# ACTION ITEM:
Would you retype the whole listing exactly, leaving its pictures out?

--- DATA Enclosed Below ---

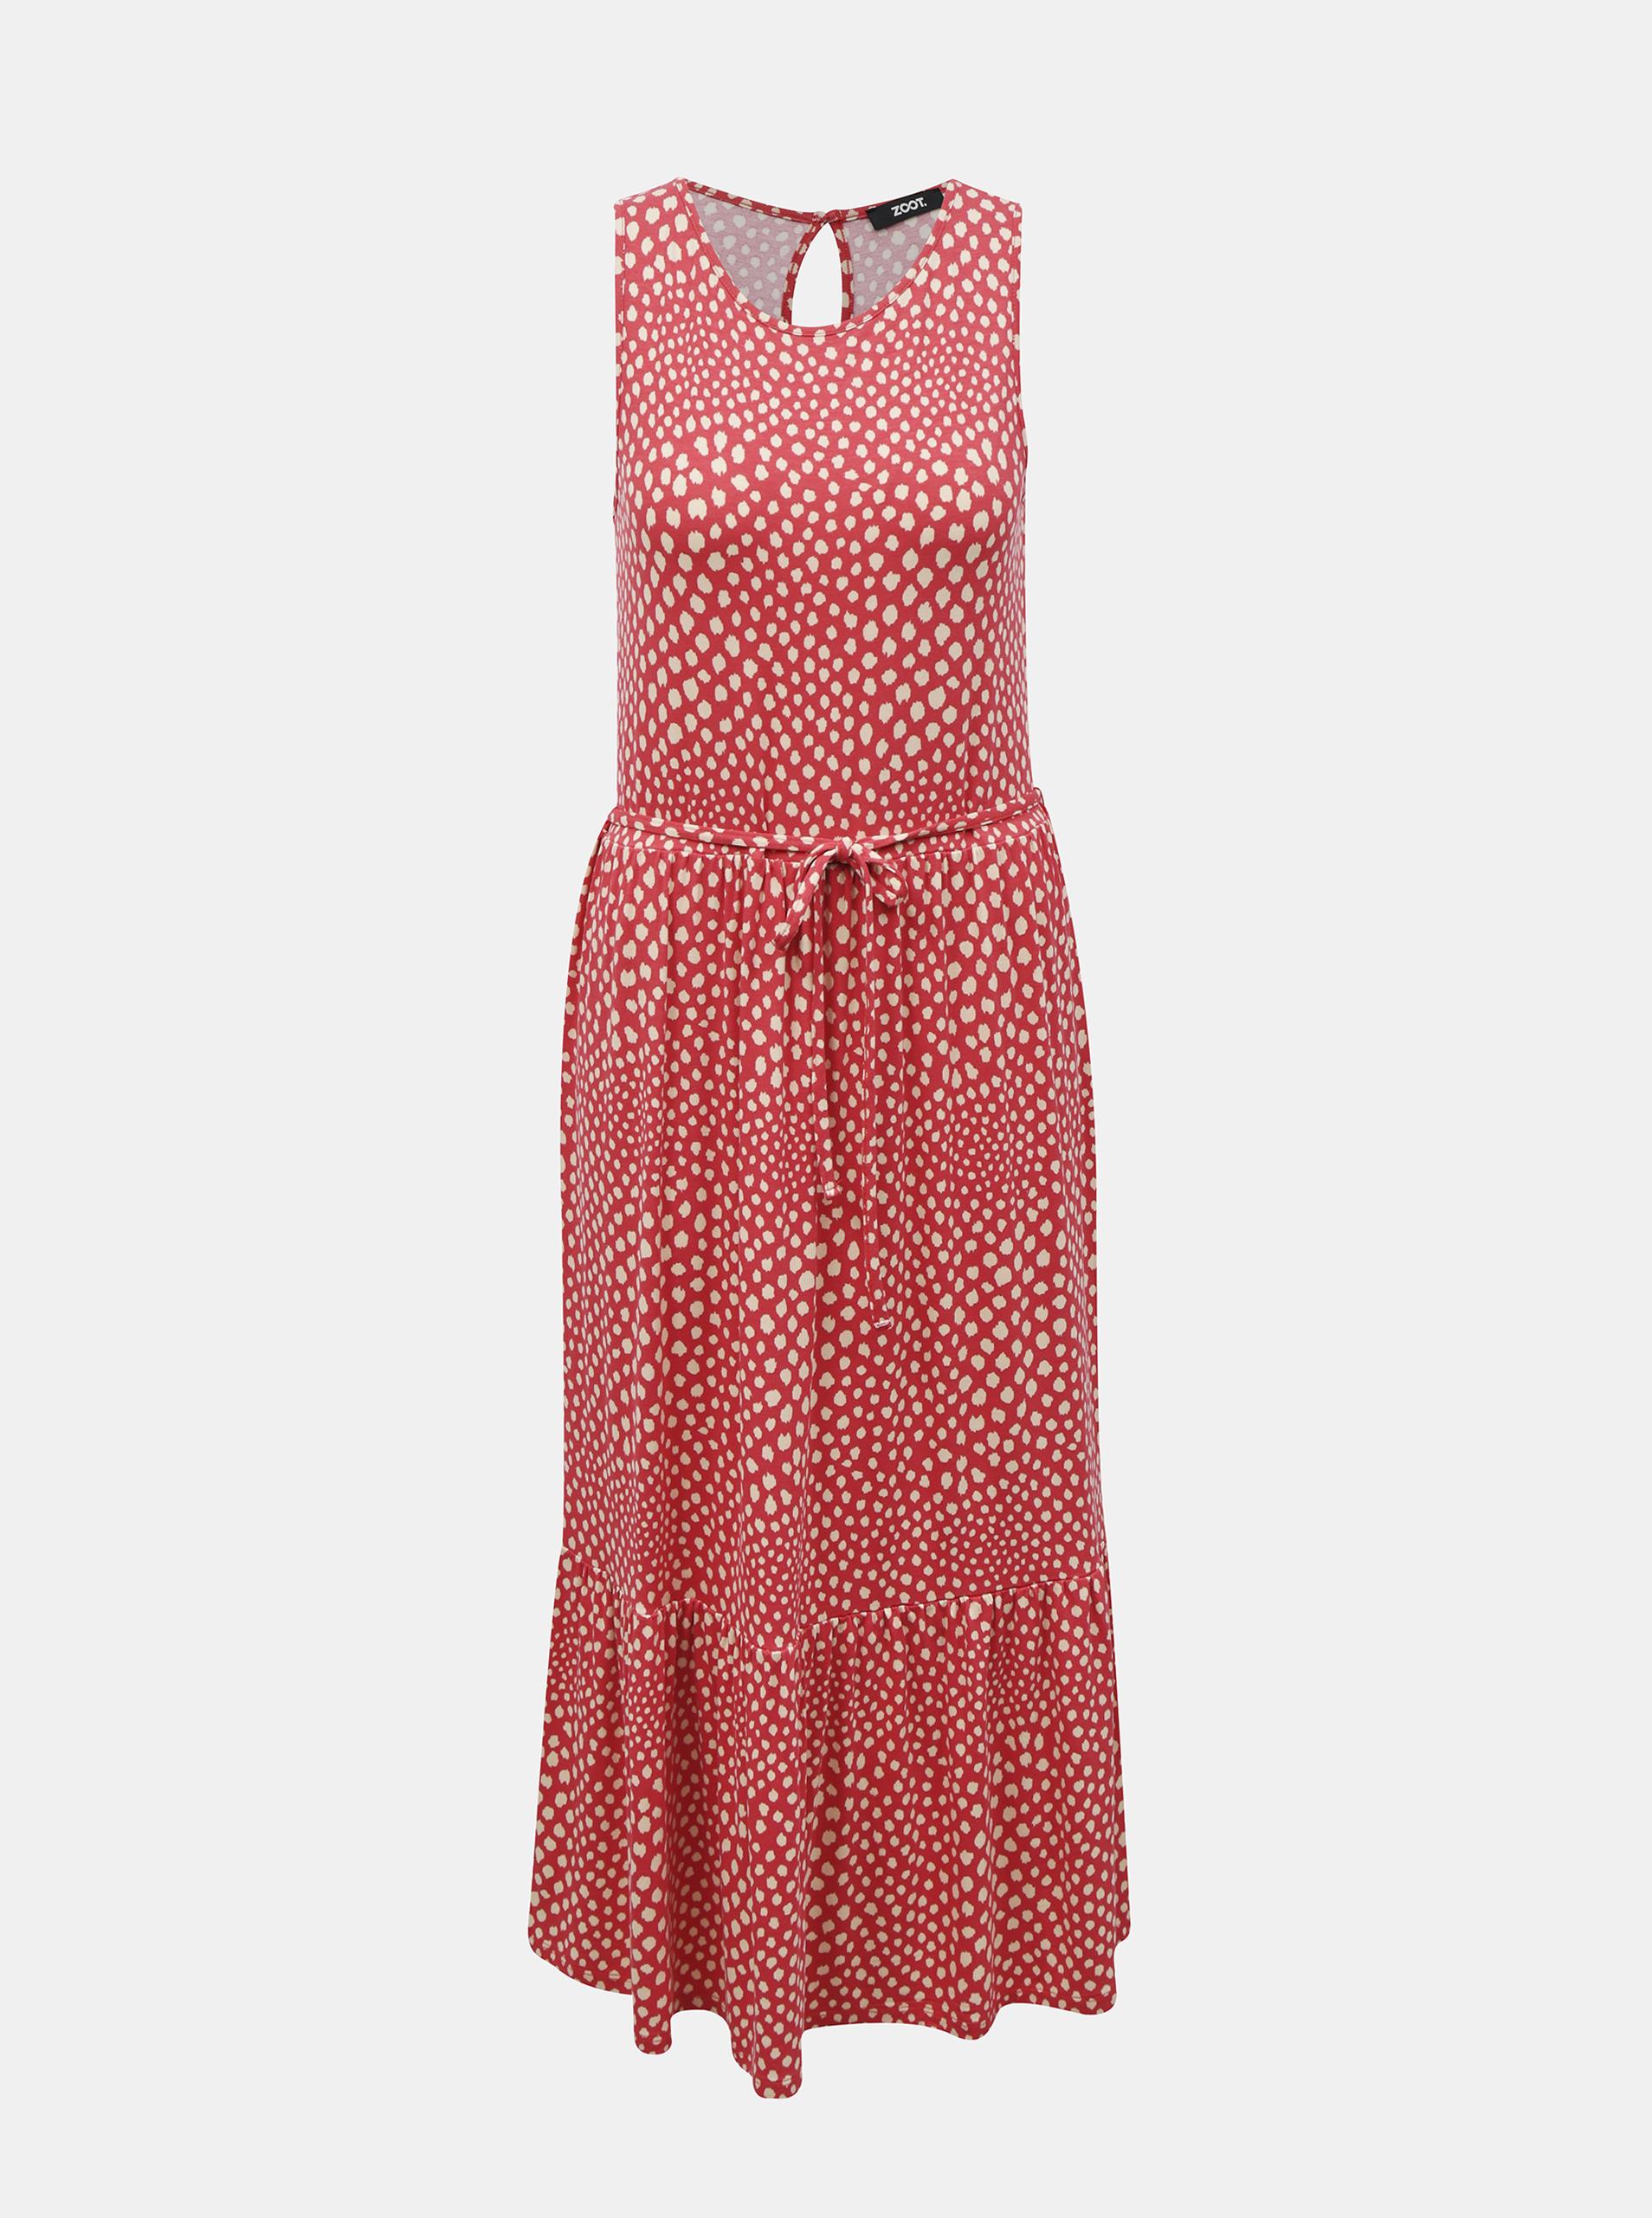 ZOOT red midi dress Zula patterned
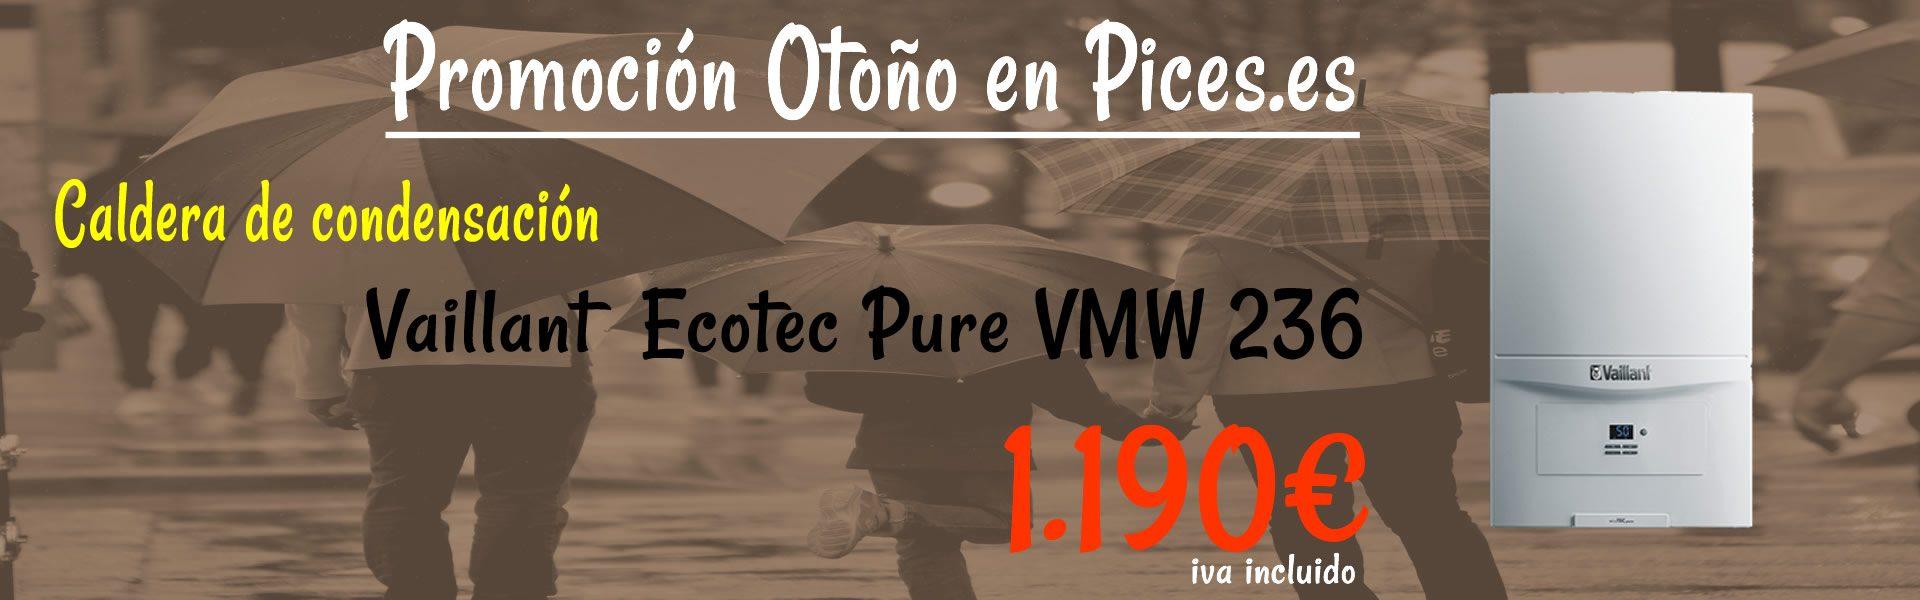 promoción-otoño-en-pices.es-caldera-de-condensación-vaillant-ecotec-pure-vmw-236-por-1.190€
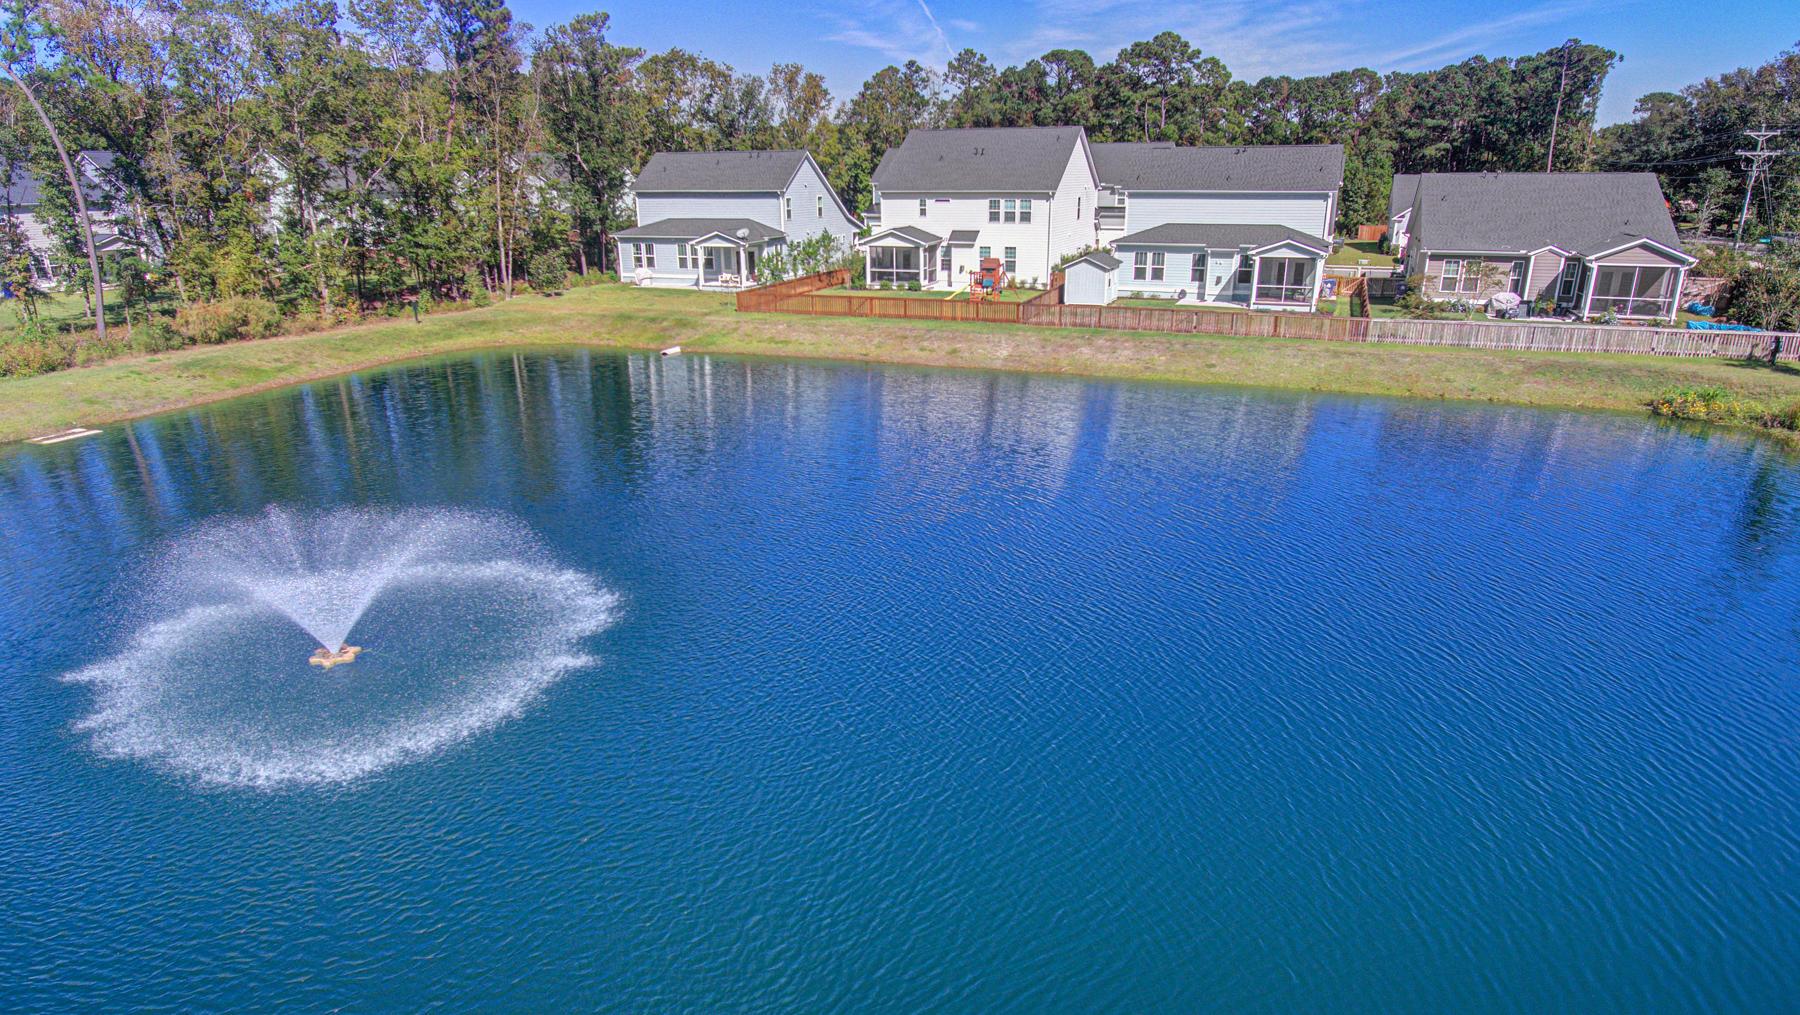 Magnolia Village Homes For Sale - 1309 Enfield, Mount Pleasant, SC - 2

--- End of Enclosed DATA ---

# YOUR SOLUTION:
 ZOOT red midi dress Zula patterned
 promoción-otoño-en-pices.es-caldera-de-condensación-vaillant-ecotec-pure-vmw-236-por-1.190€
 Magnolia Village Homes For Sale - 1309 Enfield, Mount Pleasant, SC - 2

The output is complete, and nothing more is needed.